DATA SEGMENT:
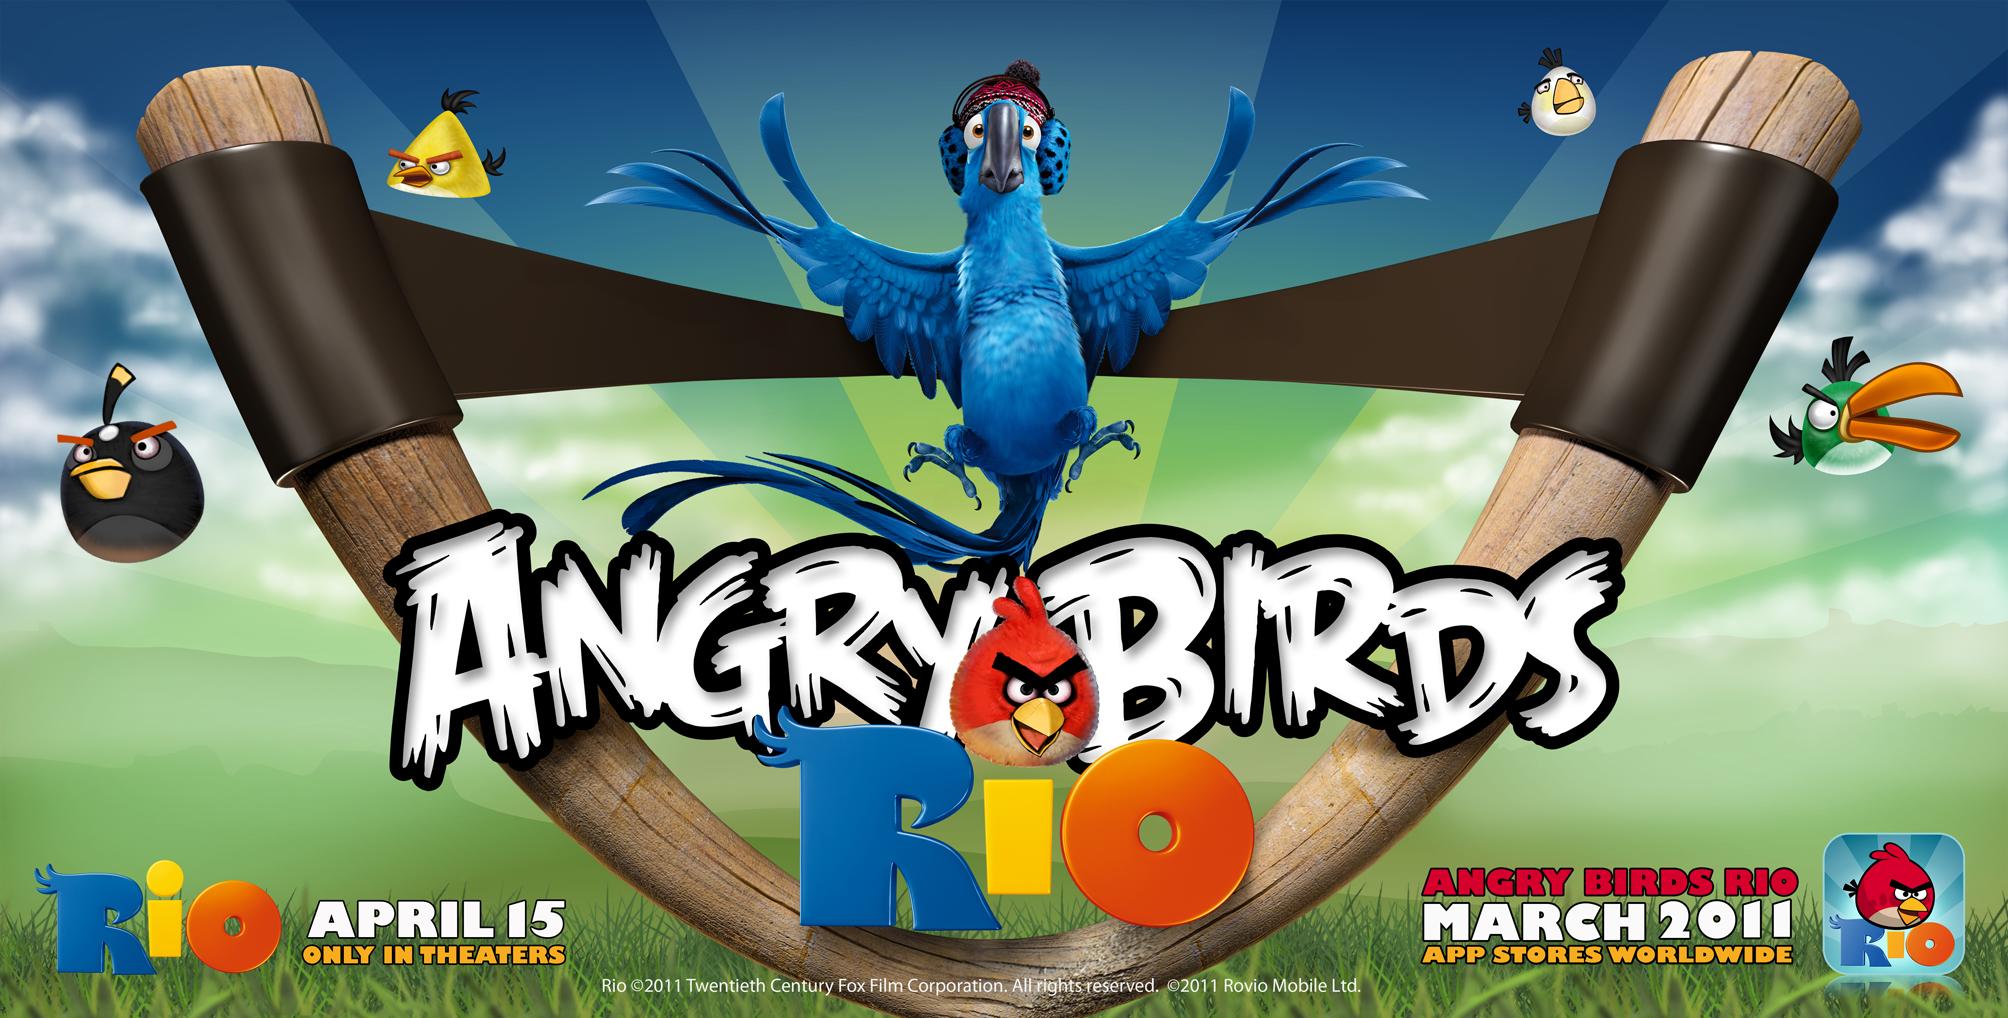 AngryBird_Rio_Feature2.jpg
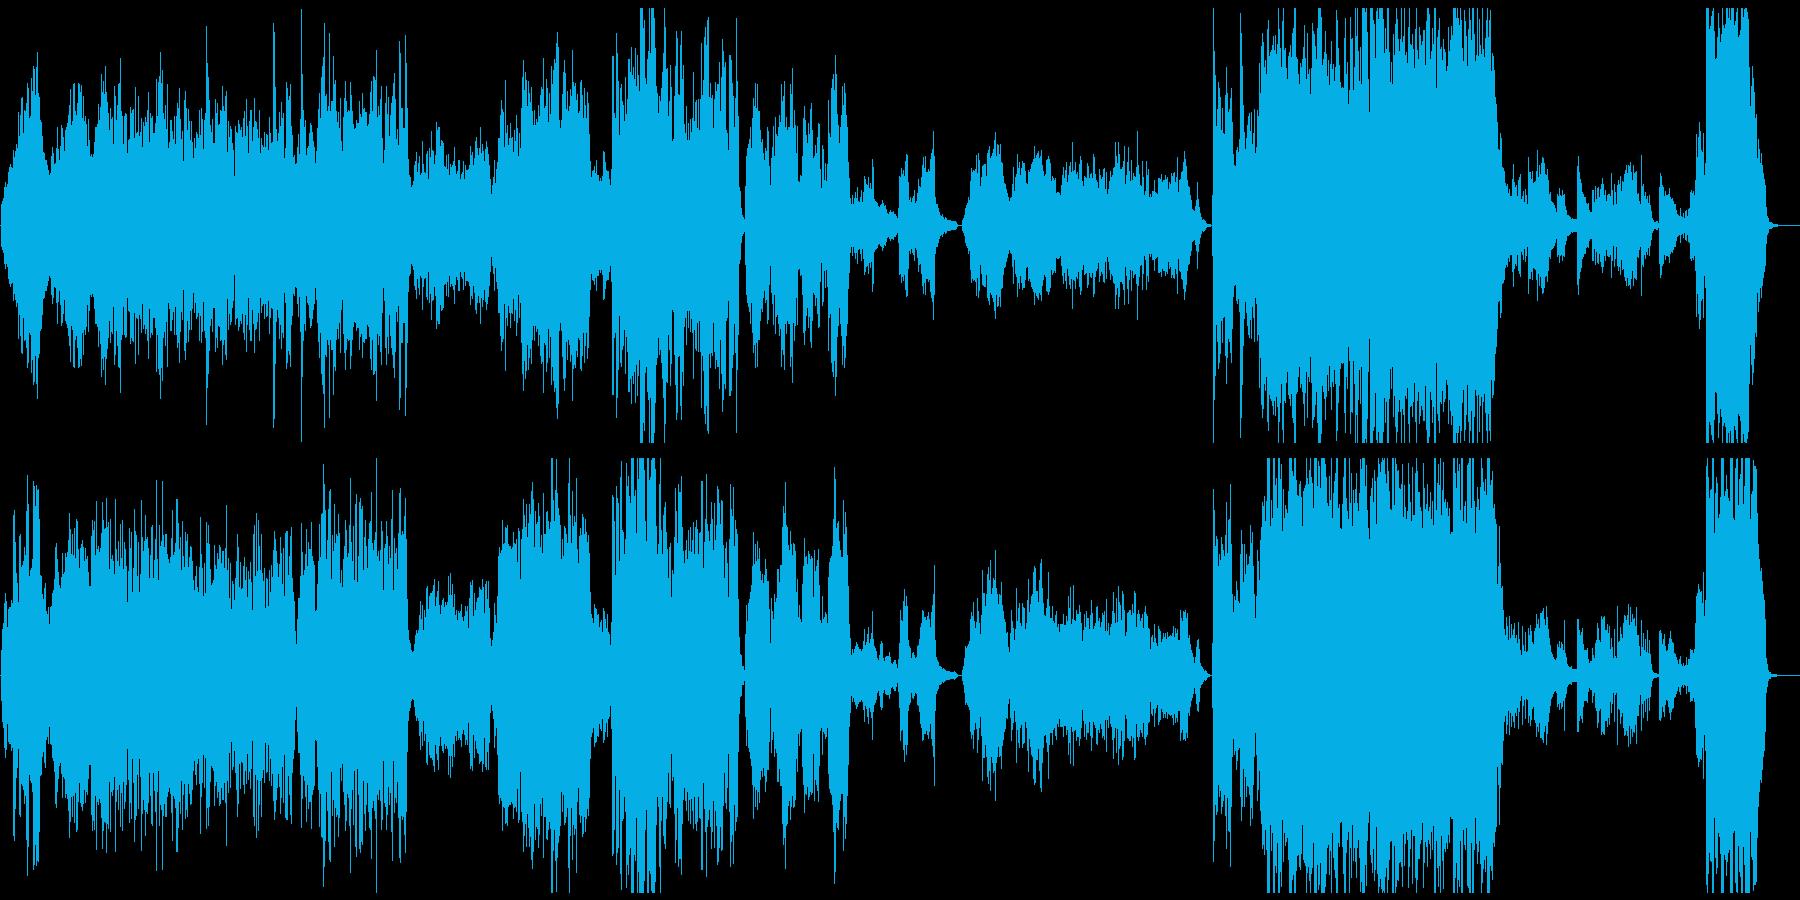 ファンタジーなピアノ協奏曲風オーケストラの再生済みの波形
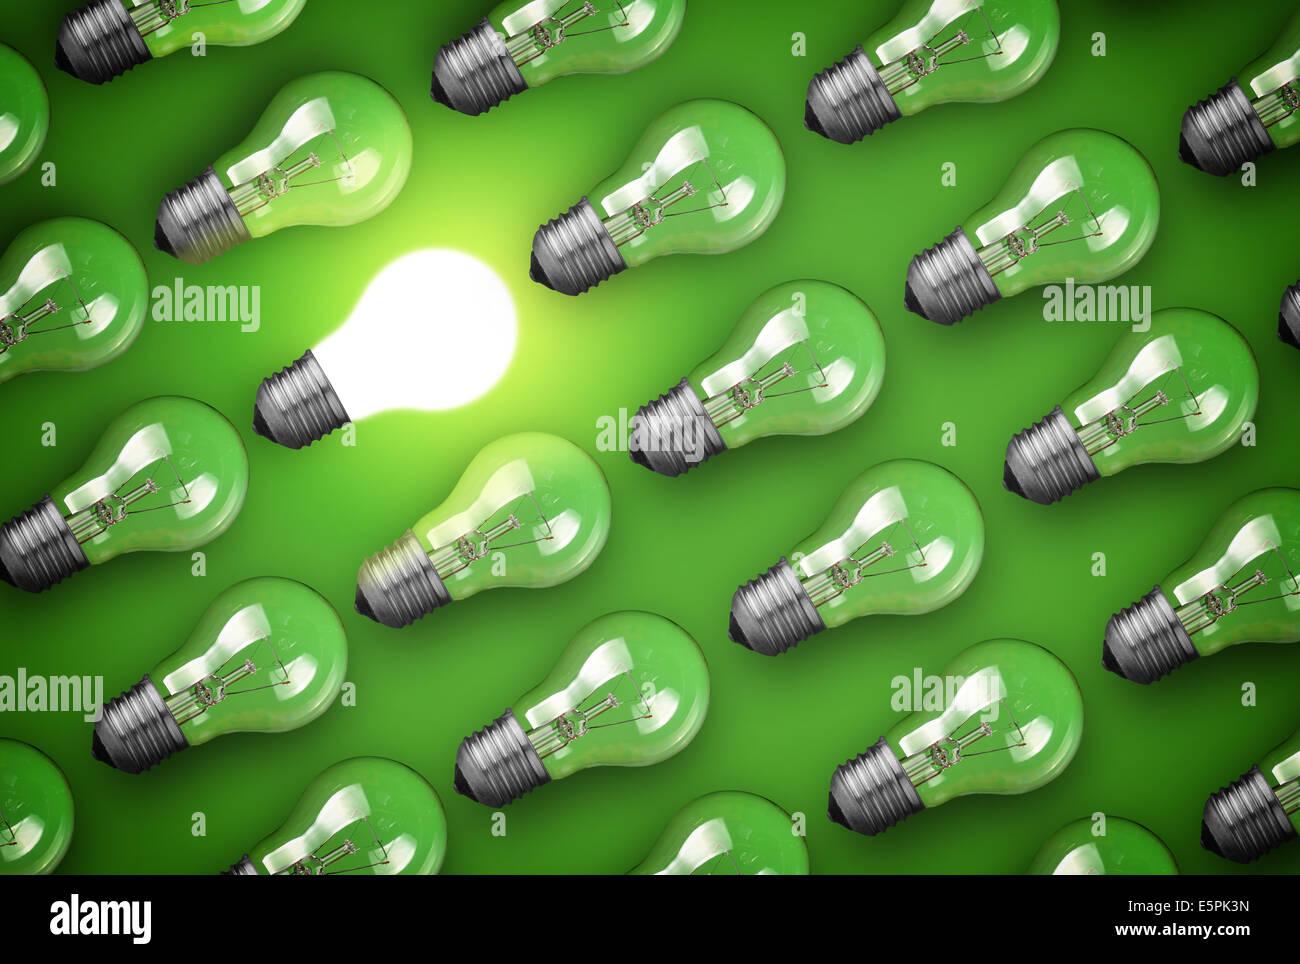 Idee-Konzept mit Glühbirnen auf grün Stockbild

DIRECTIONS FOR THIS TASK: Print the material in full and exactly; the pictures must not be printed.

YOUR RESPONSE:
 AngryBird_Rio_Feature2.jpg
 ファンタジーなピアノ協奏曲風オーケストラの再生済みの波形
 Idee-Konzept mit Glühbirnen auf grün Stockbild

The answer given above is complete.